Was mir auch nicht klar war, ist dass Fotografie in Japan bislang nur sehr selten ausgestellt wird. Es gibt kaum Kunstmuseen, die Fotografie zeigen und auch kaum Galerien. Das wichtigste Medium für Fotografie ist das Fotobuch, das in hohen Auflagen im Land verkauft wurde. Und heute sicher auch das Internet. Das hat mich gewundert, weil Japan ja das Land der Fotokameras war, marktführend, und es bemerkenswerte Fotografen gab/gibt, die auch die Fotografie im Westen stark beeinflusst haben.
Aber spielt in der Fotografie nicht auch das Material eine große Rolle? Das Papier, das Format, das technische Verfahren? Das lässt sich ja in Fotobüchern gar nicht vermitteln?

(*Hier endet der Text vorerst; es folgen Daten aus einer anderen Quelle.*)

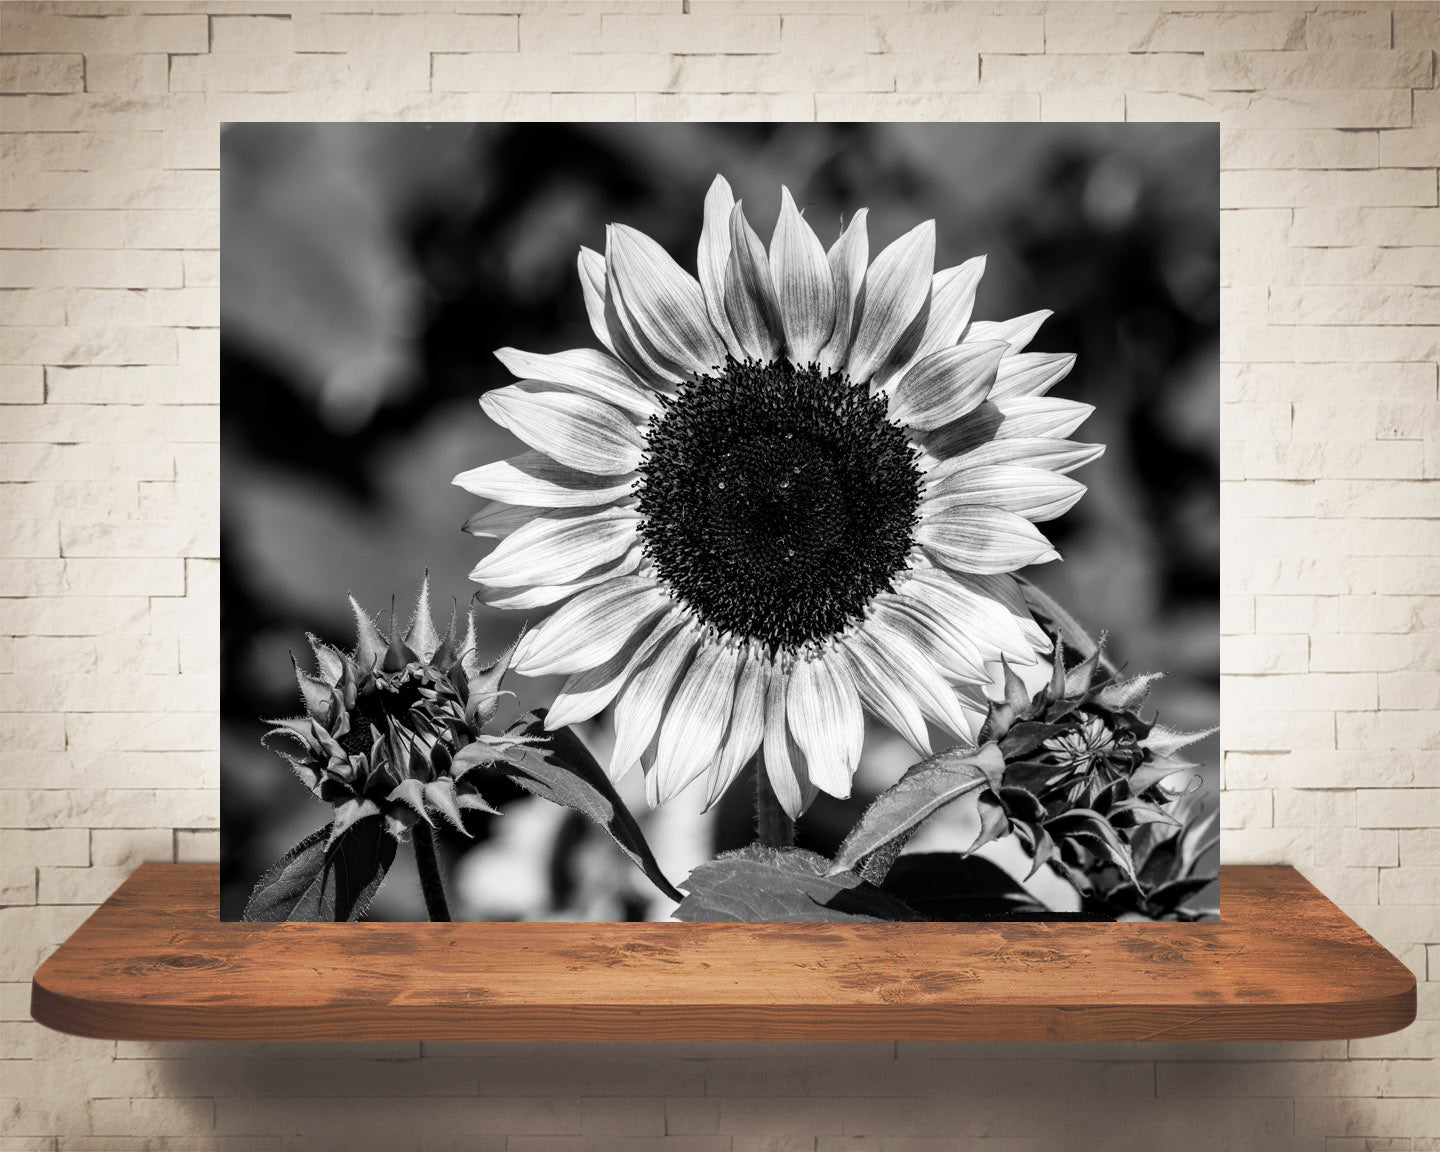 Pink Sunflower Photograph Black White

Genau. Deshalb ist diese Ausstellung auch so bemerkenswert. Kumatso Hiroko z.B. baut aus ihren Fotografien große Installationen. Sie zeigt Nahaufnahmen von Industriestandorten, Bleche, Drähte, Maschinen, Räder, Raster, Rohre, Gestapeltes, dicht gedrängtes, etc. Diese großen Bilder sind auf Papierrollen gedruckt, mit denen sie die Wände des Ausstellungsraumes überzieht. Das vermittelt einen sehr stark körperlichen Eindruck. Während Ninagawa Mika eine ganze Wand eingefärbt hat und darauf knallbunte Bilder von Goldfischen, Blumen und jungen Mädchen befestigt.
Fazit
Das Fotografieforum öffnet mit dieser Ausstellung wirklich Welten, die hoch faszinierend und vielfältig sind.
Unser Bild zeigt eine Arbeit von Nagashima Yurie: Full Figured (2001)
Korrektur:
In einer früheren Version dieses Artikels haben wir irrtümlich von Sugiura Kunié berichtet, die eine Wand eingefärbt habe. Dies war ein Versehen. Es ist Ninagawa Mika.